I recently asked a question regarding grouping pandas rows on a date condition, and got an excellent answer see here
However, it got me thinking that if this functionality was placed into a common function, then there is a scenario where this would not work.
So, using the same data from the previous question...
date_time day value1 value2
0 2023-03-15 00:00:00 3 1 1
1 2023-03-15 06:00:00 3 2 2
2 2023-03-15 12:00:00 3 3 3
3 2023-03-15 18:00:00 3 4 4
4 2023-03-16 00:00:00 4 5 5
5 2023-03-16 06:00:00 4 6 6
6 2023-03-16 12:00:00 4 7 7
7 2023-03-16 18:00:00 4 8 8
8 2023-03-17 00:00:00 5 9 9
9 2023-03-17 06:00:00 5 10 10
10 2023-03-17 12:00:00 5 11 11
11 2023-03-17 18:00:00 5 12 12
12 2023-03-20 06:00:00 1 13 13
If I perform the same resampling, except without an offset...
agg_dict = {
"date_time": "last",
"day": "last",
"value1": "first",
"value2": "last",
}
rows = df.resample("24H", on="date_time").agg(agg_dict).dropna()
This gives me...
date_time day value1 value2
date_time
2023-03-15 2023-03-15 18:00:00 3.0 1.0 4.0
2023-03-16 2023-03-16 18:00:00 4.0 5.0 8.0
2023-03-17 2023-03-17 18:00:00 5.0 9.0 12.0
2023-03-20 2023-03-20 06:00:00 1.0 13.0 13.0
...which is correct, as all the data is grouped into the relevant days.

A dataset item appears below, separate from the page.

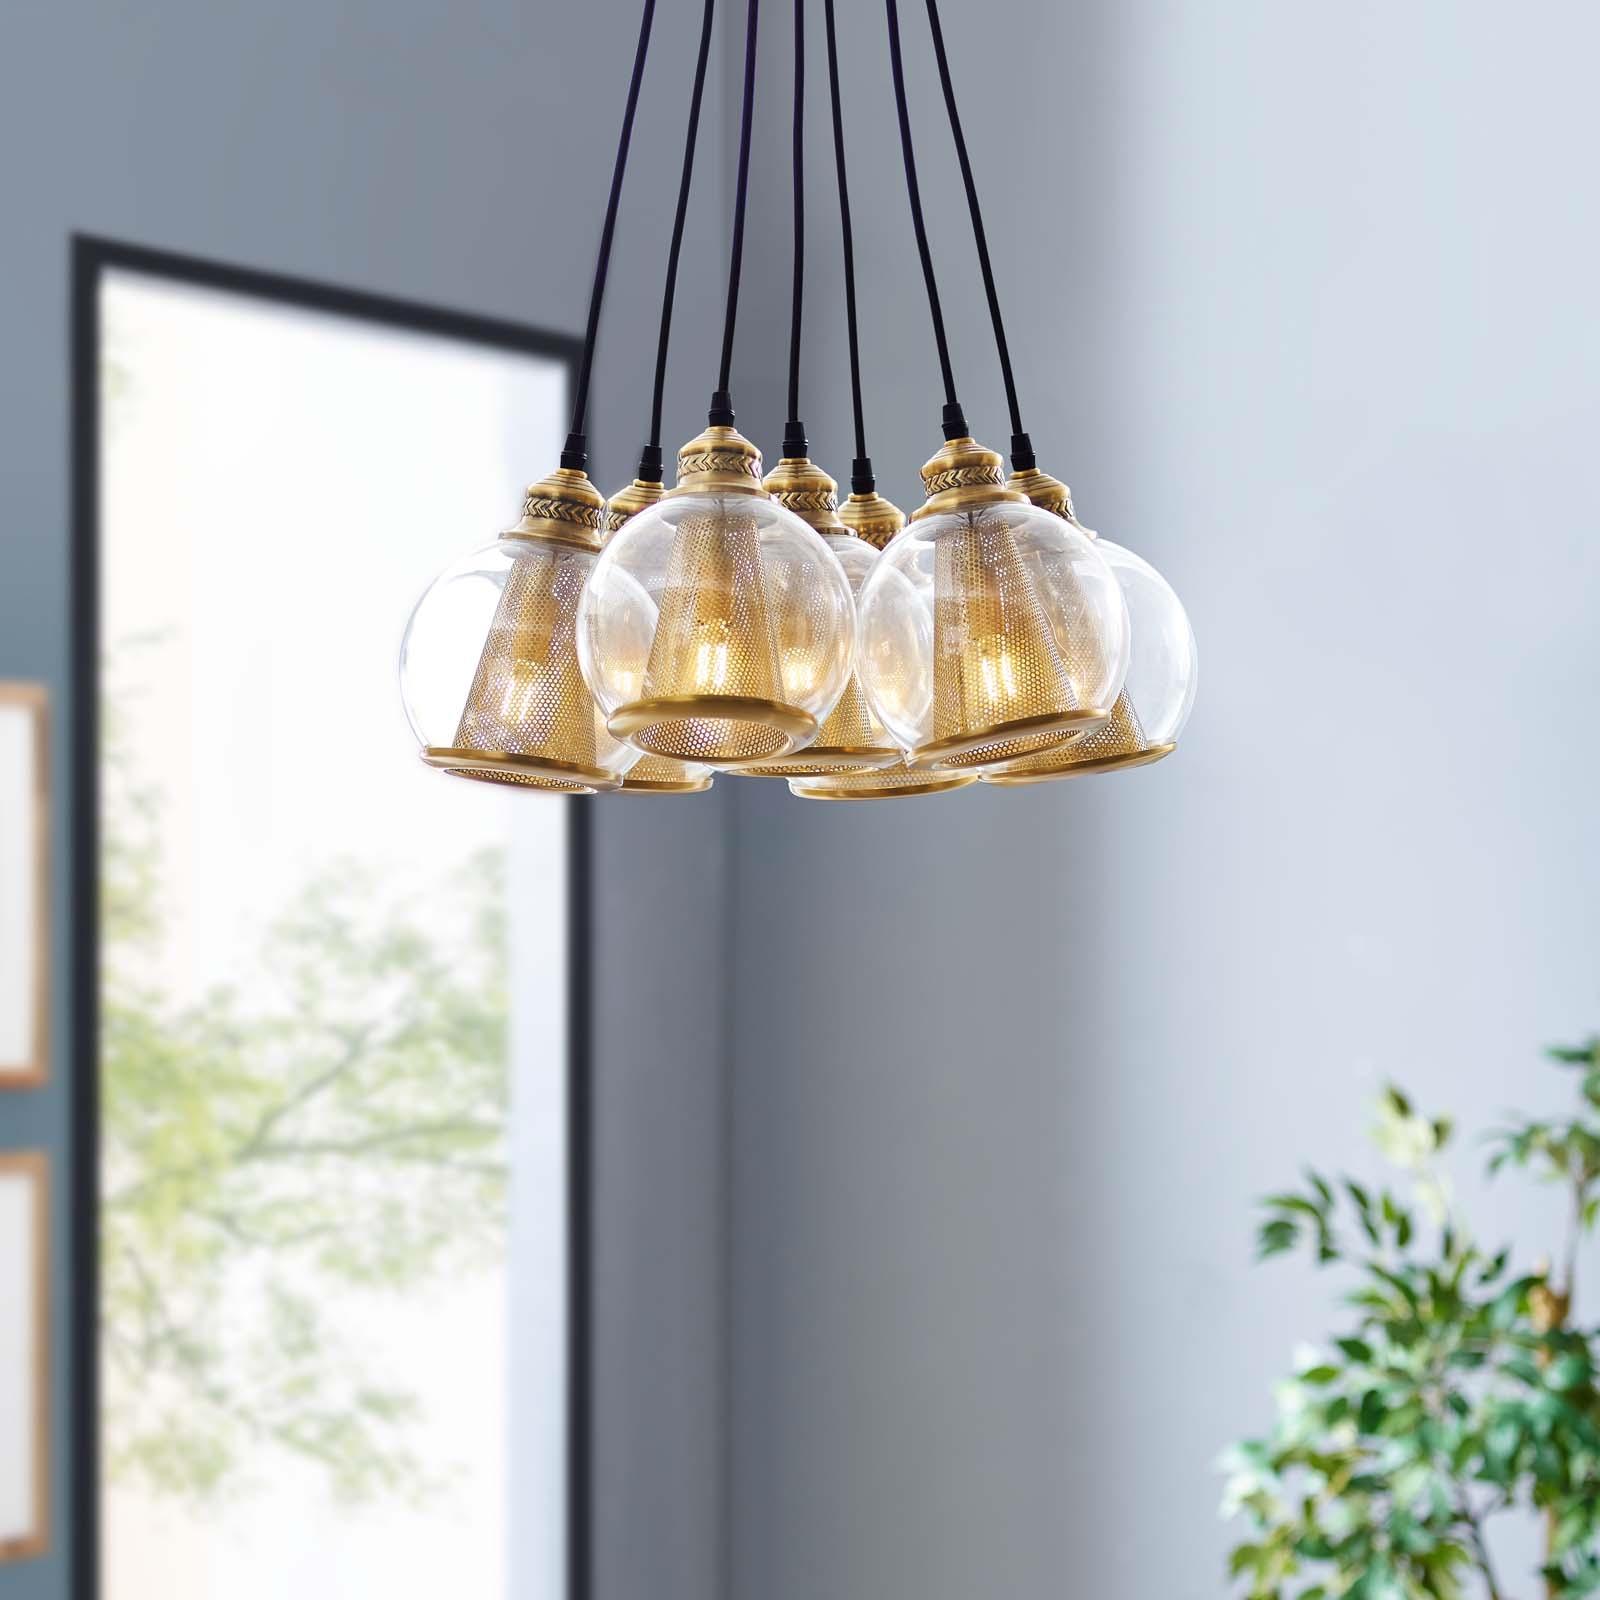 Peak Brass Cone and Glass Globe Cluster Pendant Chandelier

But if I then run the following commands on it (which is required when there is an offset), then the data would no longer be correct...
island = rows.index.to_series().diff().le("1D").cumsum().rename("island")
rows = rows.groupby(island).agg(agg_dict)
...the data from the last 2 rows (Friday/Monday) get grouped into a single row...
date_time day value1 value2
island
0 2023-03-15 18:00:00 3.0 1.0 4.0
1 2023-03-16 18:00:00 4.0 5.0 8.0
2 2023-03-20 06:00:00 1.0 9.0 13.0
I could perform some if logic to either perform the last 2 commands or not, but that doesn't seem a very elegant way of doing it. It would be good if both scenario's returned the correct results from the same test(s).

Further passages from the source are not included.